As described in the Basis for qualified opinion on other matters prescribed by the Companies Act 2006 section of out report, we have concluded that a material misstatement of the other information exists.
Opinion on other matters prescribed by the Companies Act 2006
In our opinion, based on the work undertaken in the course of the audit:
· | the information given in the strategic report and the directors’ report for the financial year for which the financial statements are prepared is consistent with the financial statements; and |
· | the strategic report and the directors’ report have been prepared in accordance with applicable legal requirements. |
Matters on which we are required to report by exception
Except for the material misstatement described in the Basis for qualified opinion on other matters prescribed by the Companies Act 2006 section of our report, in the light of the knowledge and understanding of the group and parent company and their environment obtained in the course of the audit, we have not identified material misstatements in the strategic report or the directors’ report.
Arising solely from the basis for qualified opinion paragraph referred to above :
• | we have not received all the information and explanations we require for our audit; and |
• | We were unable to determine whether adequate accounting records have not been kept by the subsidiary Edenville International (Tanzania) Limited |
We have nothing to report in respect of the following matters in relation to which the Companies Act 2006 requires us to report to you if, in our opinion:
· | adequate accounting records have not been kept, or returns adequate for our audit have not been received from branches not visited by us; or |
· | the parent company financial statements are not in agreement with the accounting records and returns; or |
· | certain disclosures of directors’ remuneration specified by law are not made; or |
Responsibilities of directors
As explained more fully in the statement of directors’ responsibilities, the directors are responsible for the preparation of the group and parent company financial statements and for being satisfied that they give a true and fair view, and for such internal control as the directors determine is necessary to enable the preparation of financial statements that are free from material misstatement, whether due to fraud or error.

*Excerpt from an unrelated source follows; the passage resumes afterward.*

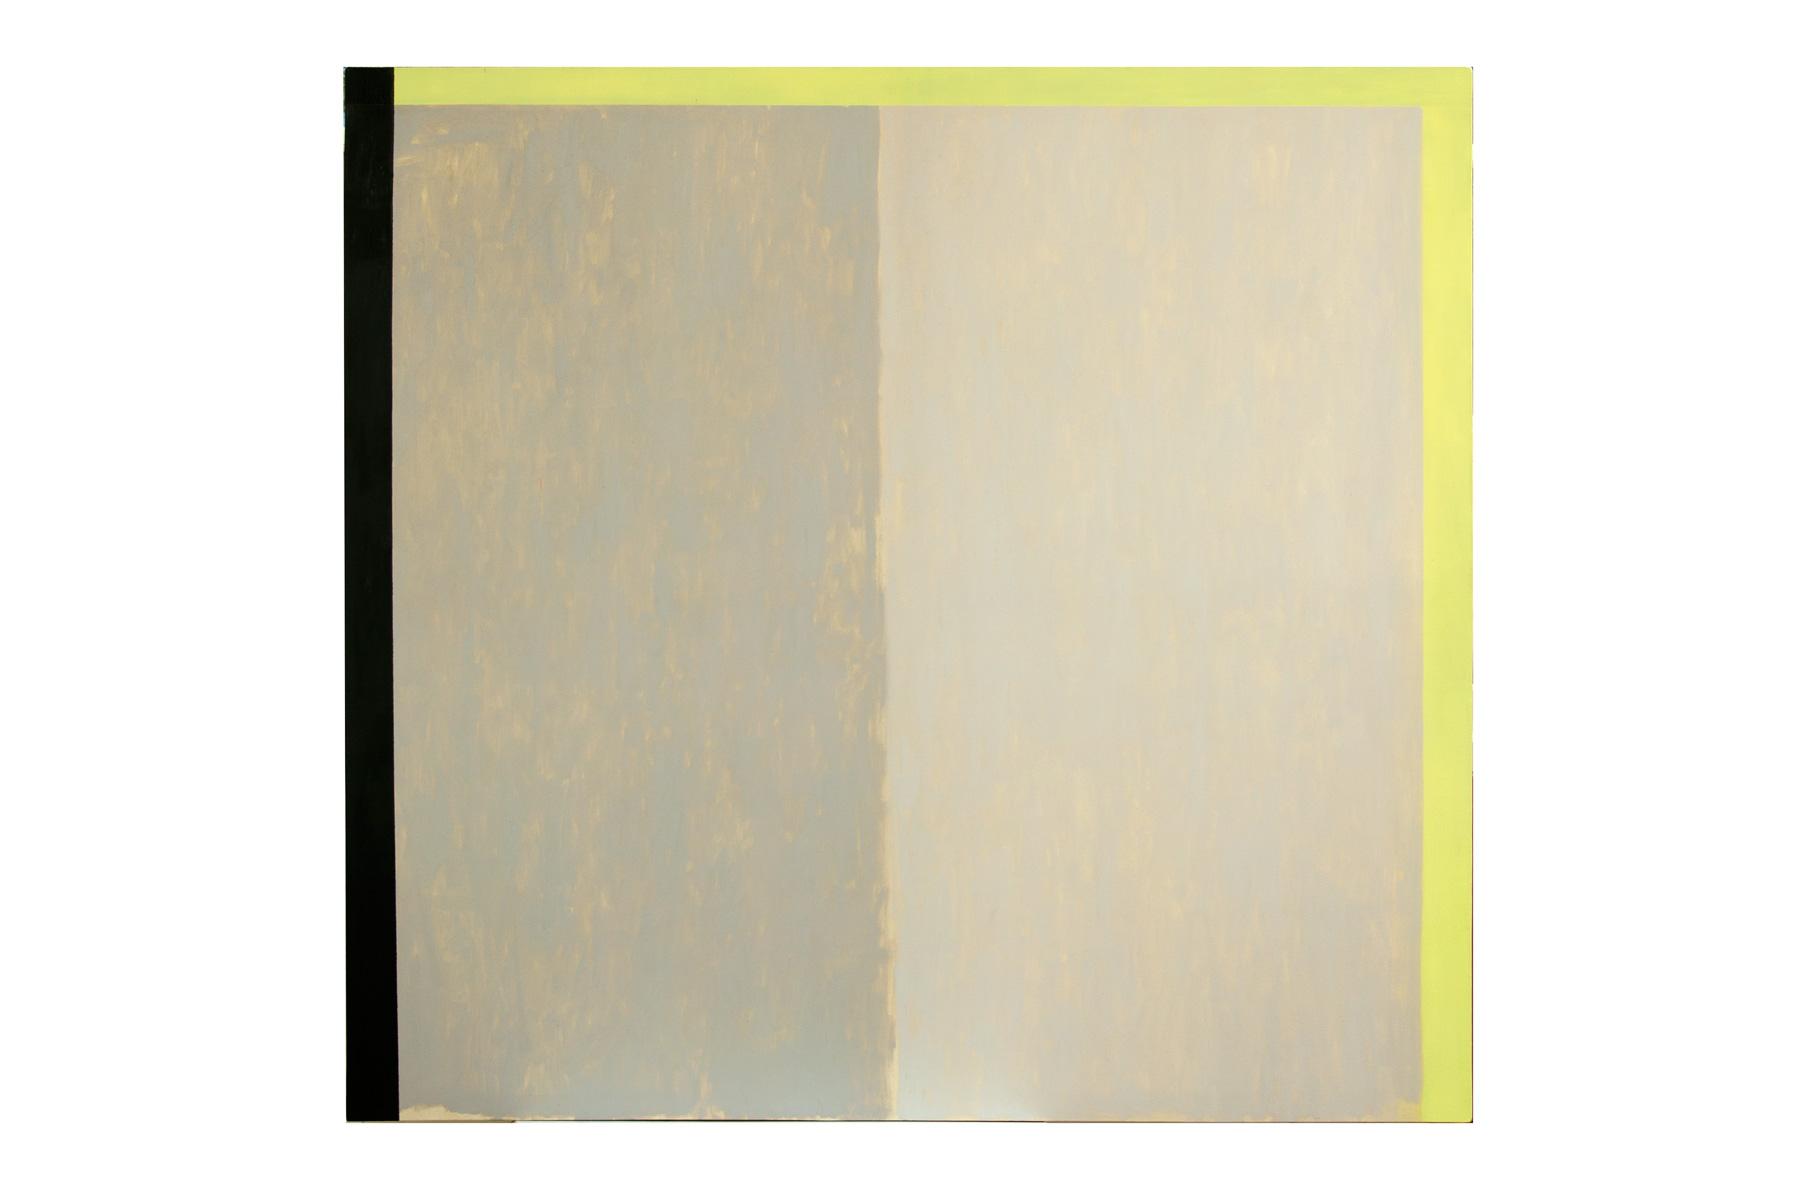 Intervencion 3, oleo sobre lienzo, 150 x 160 cms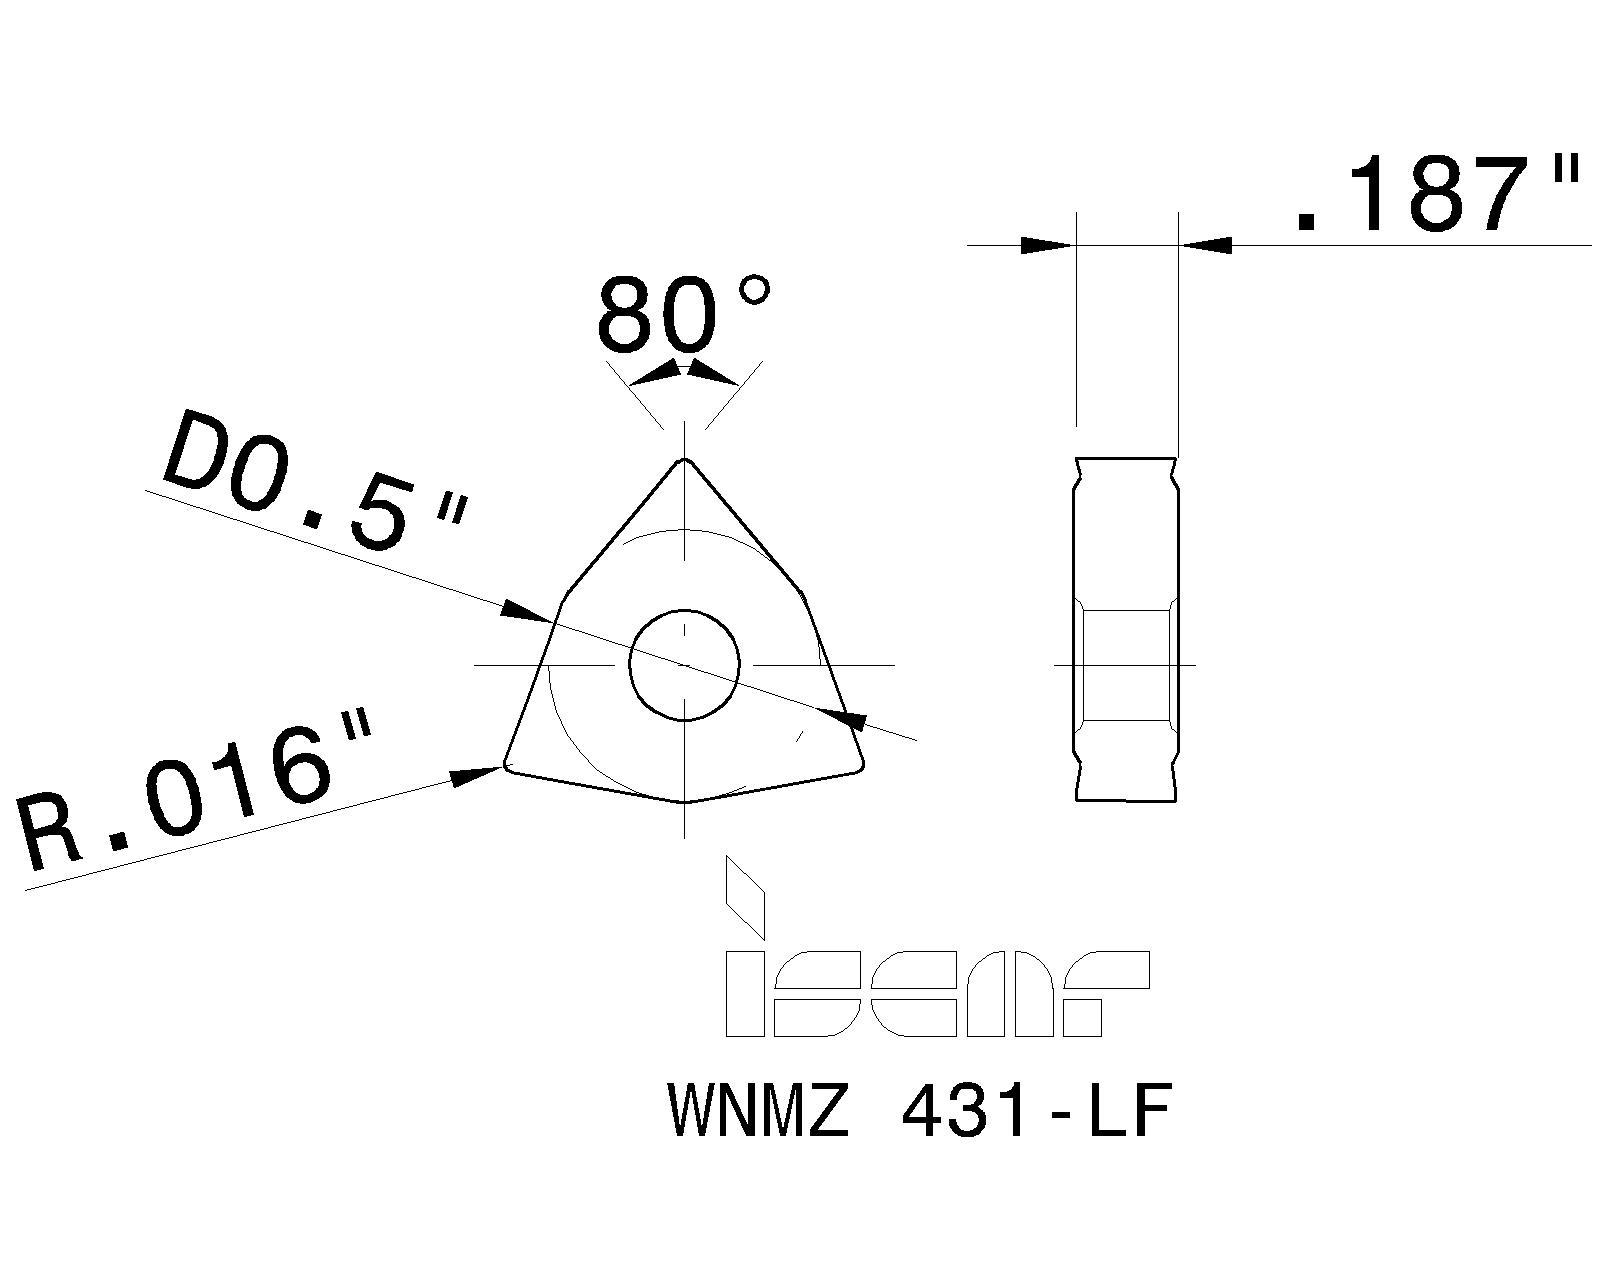 WNMZ 431 LF IC570 ISCAR INSERT

In preparing the group and parent company financial statements, the directors are responsible for assessing the group and the parent company’s ability to continue as a going concern, disclosing, as applicable, matters related to going concern and using the going concern basis of accounting unless the directors either intend to liquidate the group or the parent company or to cease operations, or have no realistic alternative but to do so.
Auditor’s responsibilities for the audit of the financial statements
Our objectives are to obtain reasonable assurance about whether the financial statements as a whole are free from material misstatement, whether due to fraud or error, and to issue an auditor’s report that includes our opinion. Reasonable assurance is a high level of assurance but is not a guarantee that an audit conducted in accordance with ISAs (UK) will always detect a material misstatement when it exists. Misstatements can arise from fraud or error and are considered material if, individually or in the aggregate, they could reasonably be expected to influence the economic decisions of users taken on the basis of these financial statements.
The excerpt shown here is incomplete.